By Anne Gibson.
In November 1788 Captain Phillip wrote to Sir Joseph Banks, who was President of the Royal Society, to inform him that he had found minerals and white clay in the area of Sydney Cove, following the settlement of Port Jackson in January 1788. He sent samples of these to Banks at the end of 1788.
“Sunday 16th November 1788.
Phillip dated his eleventh despatch to Lord Sydney, and wrote to Nepean, Stephens and Sir Joseph Banks.
The letter to sir Joseph Banks was an inventory of the specimens being forwarded.”
‘Sydney Cove 1788’ by Dr. John Cobley
Banks directed the minerals to the relevant scientists, and he sent the clay directly to his friend and fellow Royal Society and Lunar Society member, Josiah Wedgwood, for him to investigate its potential for ceramic production. Wedgwood worked with the clay and was very pleased with its qualities.

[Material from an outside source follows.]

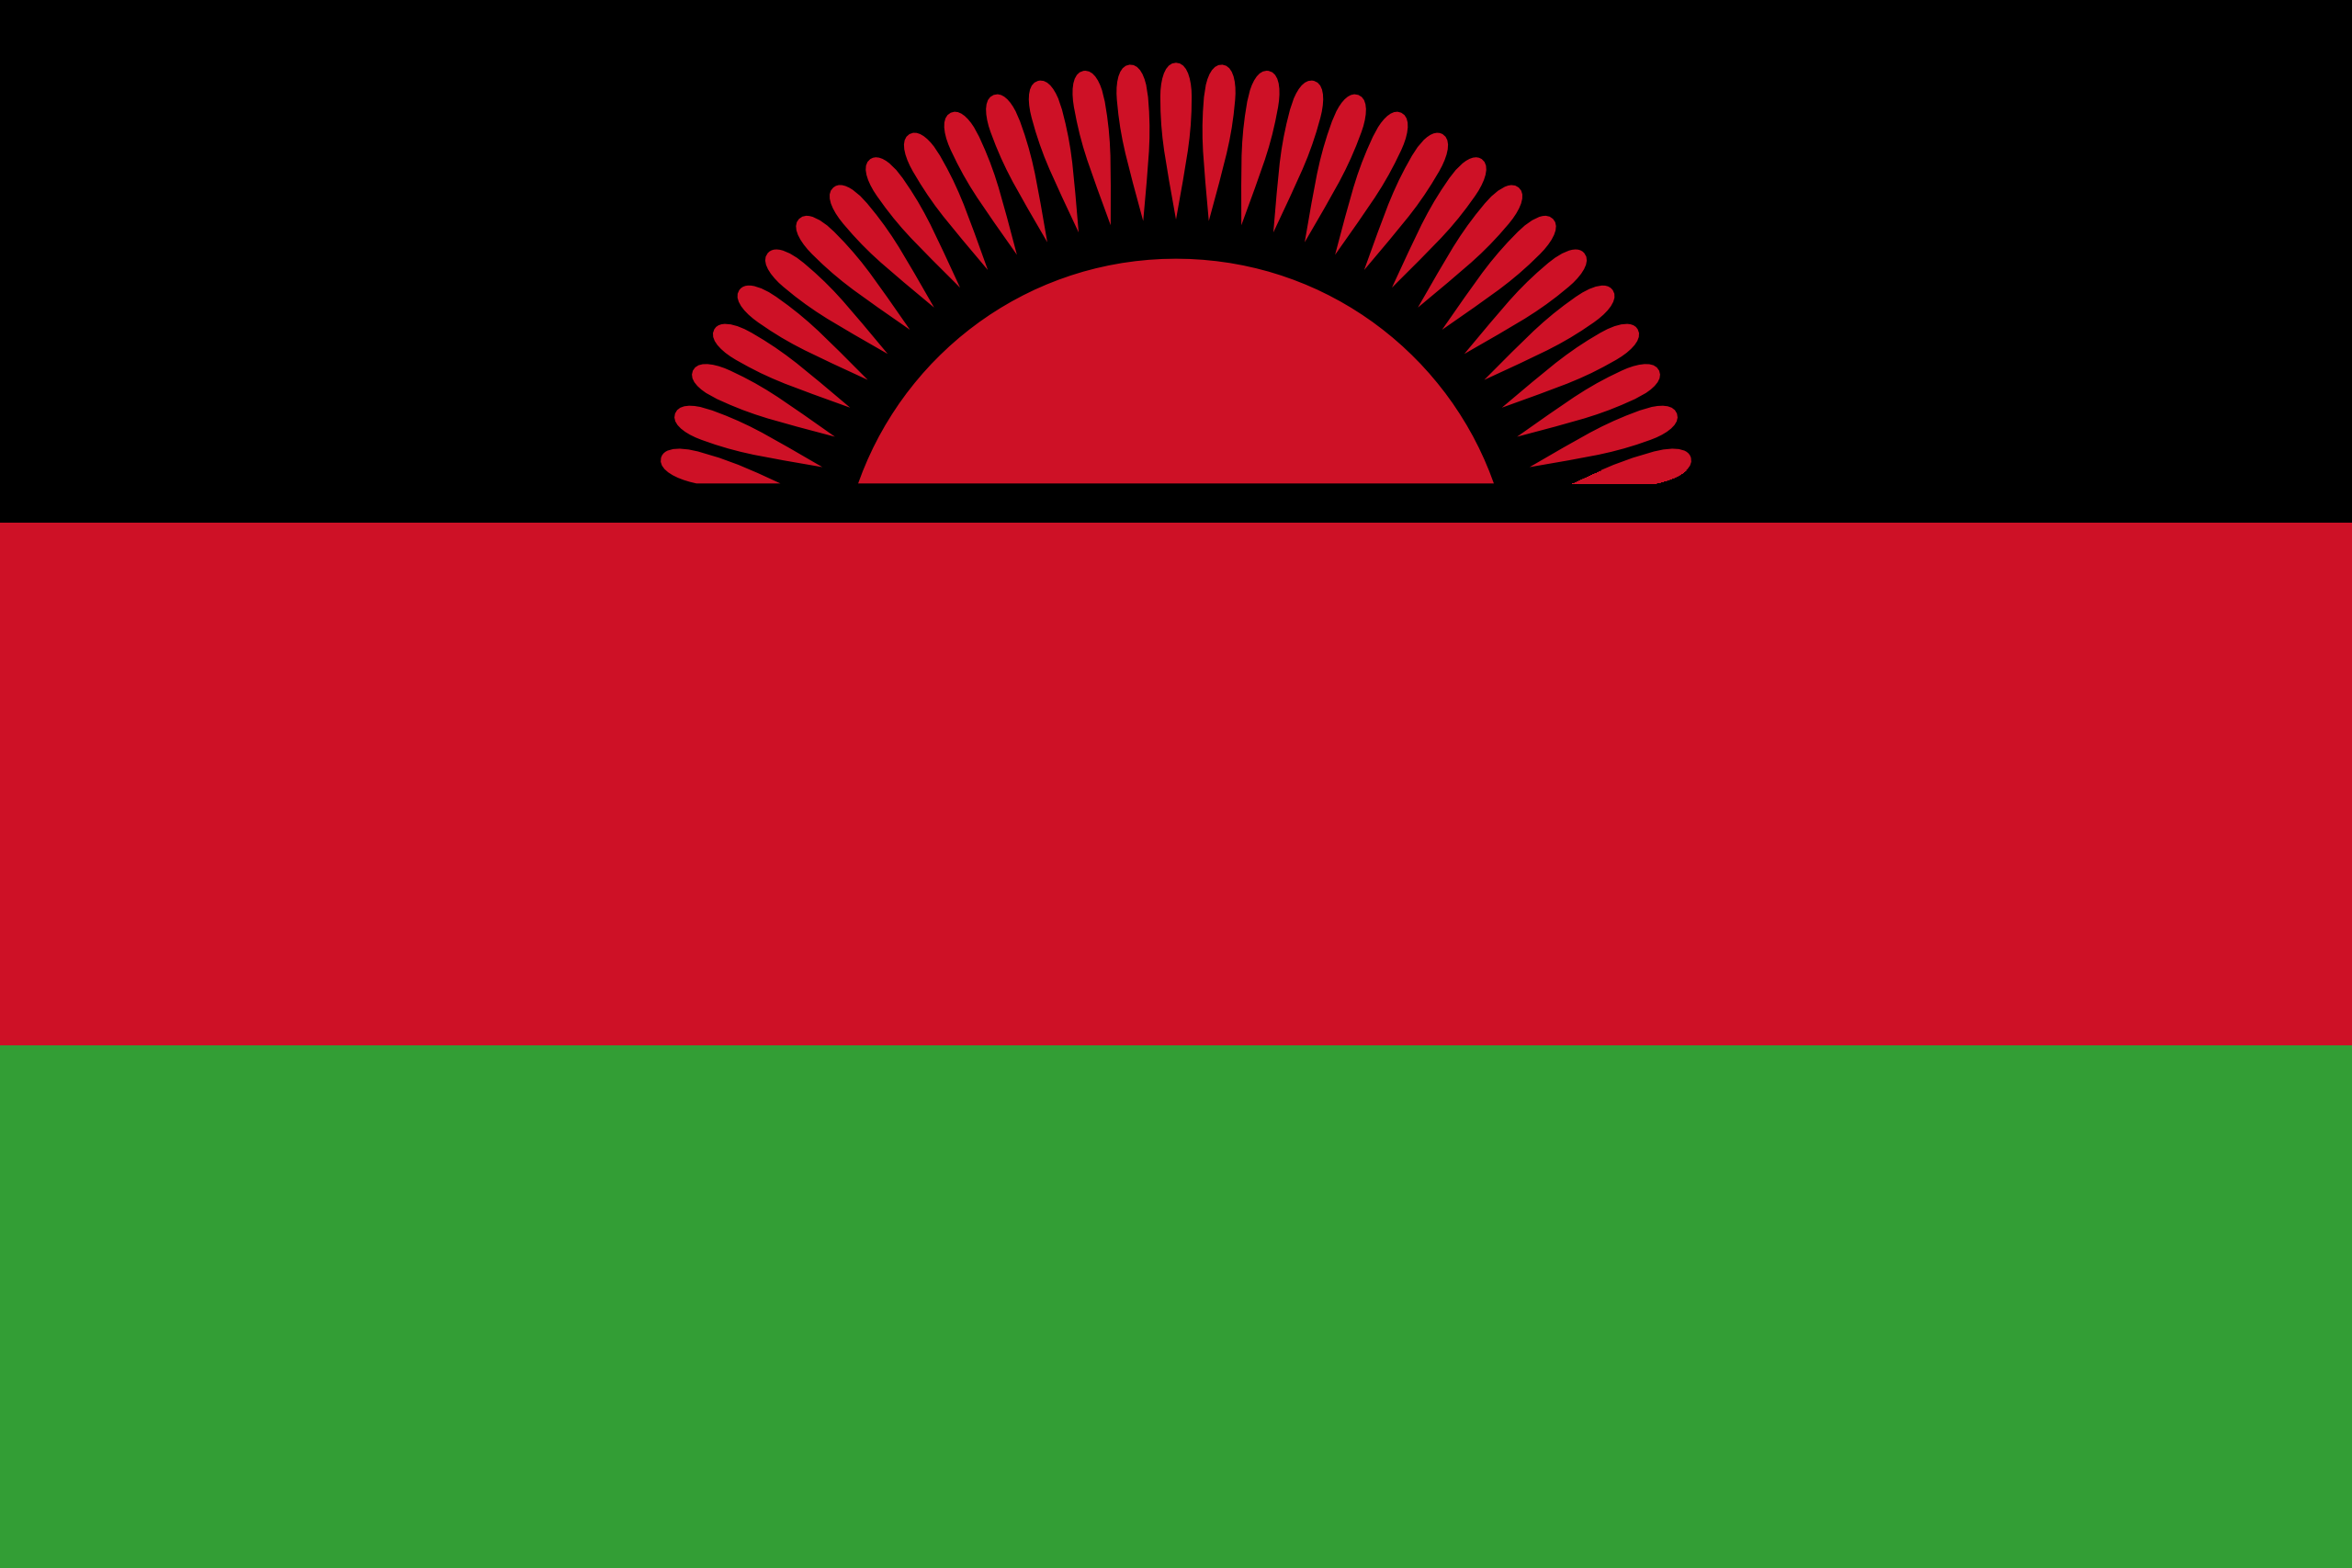 malawi, देश, emblema, लोग�प्रतीकbolo - HD वॉलपेपर - प्रोफेसर-falken.com

As a result, Wedgwood decided to create a limited number of Medallions commemorating the settlement at Sydney Cove. Sometimes referred to by the Wedgwood family by the more manageable title of ‘the Botany Bay Medal’ or by some as the ‘Hope Medallion’.
The medallion was made at Wedgwood’s Etruria factory in 1789. It was designed by Henry Webber and modelled by Wedgwood’s principal modeller, William Hackwood. It is moulded in bas-relief with a classical scene depicting Hope, encouraging Peace, Art and Labour, to work for the prosperity of the new young settlement. The original medallions range in colour from pale biscuit to a dark brown.
The design is highly symbolic. It depicts Hope as a female figure dressed in Grecian style robes. The figure is depicted in front of an anchor, the symbol for hope. Peace holds an olive branch in her hand and has a horn of plenty spilling forth at her feet. Beside Peace, Art is shown as a female figure holding an artist’s palette and lastly Labour (the only male figure on the medallion) wears a loin cloth and has a sledge hammer across his shoulder. Behind the figures a ship sails into a bay and buildings rise on land in the background.
The reverse has been stamped: MADE BY IOSIAH WEDGWOOD OF CLAY FROM SYDNEY COVE. [I is used rather than J in order to comply with ‘classical’ style, no J is used in Roman inscriptions.]
Medallions from the first batch were to be sent to Sydney Cove, for the attention of Governor Phillip, on the ‘Second Fleet’ and they were to be distributed at his discretion. By November 1789, a second batch of medallions had been completed. Wedgwood’s friend, the physician and poet Erasmus Darwin, was the recipient of one. He wrote to Wedgwood:
“I have received great pleasure from your excellent medallion of Hope. The figures are all finely beautiful and speak for themselves.”
In November 1789, an account of ‘The Voyage of Governor Phillip to Botany Bay’ was printed by the publisher John Stockdale. On the title page there is an engraving of the Sydney Cove Medallion and a description of it.
Despite having carried out thousands of ceramic experiments over many years, it appears that Wedgwood was proud of creating the Sydney Cove medallion, producing a special issue to commemorate the settlement at Sydney Cove. These medallions record the start of a new chapter of colonial history as well as symbolising Wedgwood’s skill and technical innovation, which was at its height at this time. The medallions are fine and fragile in nature. Surviving examples are rare and are seldom seen on the market.
It is unknown how many medallions of the original issue were produced. The whereabouts of 10 are currently known. It is thought Wedgwood would have made no more than was necessary for the publicity value. One for Erasmus Darwin; a few for Sir Joseph Banks as President of the Royal Society for his own distribution; perhaps fifteen or twenty for Governor Phillip’s distribution. The total production may have been somewhere around two dozen, probably no more.
An original medallion was auctioned in Edinburgh in November 2022 and sold for £45,200.00. Another, along with the papers of certification, was sold by auction in Australia in July 2014 for $250,000.00.